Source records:
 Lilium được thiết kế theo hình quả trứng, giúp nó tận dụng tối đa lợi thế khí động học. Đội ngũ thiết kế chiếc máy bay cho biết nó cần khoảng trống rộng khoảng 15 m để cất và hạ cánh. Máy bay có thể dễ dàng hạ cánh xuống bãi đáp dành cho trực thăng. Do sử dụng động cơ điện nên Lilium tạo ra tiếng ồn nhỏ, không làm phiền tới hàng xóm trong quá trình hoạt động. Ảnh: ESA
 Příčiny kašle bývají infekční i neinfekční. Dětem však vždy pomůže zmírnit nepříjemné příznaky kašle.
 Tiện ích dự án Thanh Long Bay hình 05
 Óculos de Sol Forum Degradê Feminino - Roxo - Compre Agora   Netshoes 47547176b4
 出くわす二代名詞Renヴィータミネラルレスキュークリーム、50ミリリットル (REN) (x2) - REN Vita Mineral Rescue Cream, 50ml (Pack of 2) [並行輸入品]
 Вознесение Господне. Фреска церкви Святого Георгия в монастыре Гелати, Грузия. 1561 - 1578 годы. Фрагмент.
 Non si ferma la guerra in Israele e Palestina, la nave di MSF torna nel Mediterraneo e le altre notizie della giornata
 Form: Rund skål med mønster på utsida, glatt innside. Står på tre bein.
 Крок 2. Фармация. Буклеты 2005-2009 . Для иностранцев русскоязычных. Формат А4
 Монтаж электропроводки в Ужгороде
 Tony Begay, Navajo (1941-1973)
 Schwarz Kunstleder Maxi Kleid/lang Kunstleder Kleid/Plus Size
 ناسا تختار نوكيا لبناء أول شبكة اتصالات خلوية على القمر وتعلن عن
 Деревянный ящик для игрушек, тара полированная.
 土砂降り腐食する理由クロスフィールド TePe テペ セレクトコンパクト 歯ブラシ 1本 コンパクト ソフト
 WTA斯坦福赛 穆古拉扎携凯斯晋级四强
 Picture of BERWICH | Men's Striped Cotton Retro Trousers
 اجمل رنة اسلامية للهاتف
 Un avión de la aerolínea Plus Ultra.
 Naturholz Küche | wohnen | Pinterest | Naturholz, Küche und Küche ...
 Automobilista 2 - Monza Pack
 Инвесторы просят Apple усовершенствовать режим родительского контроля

Work required:
Look through the data and show every line containing "Plus".

Task result:
 Schwarz Kunstleder Maxi Kleid/lang Kunstleder Kleid/Plus Size
 Un avión de la aerolínea Plus Ultra.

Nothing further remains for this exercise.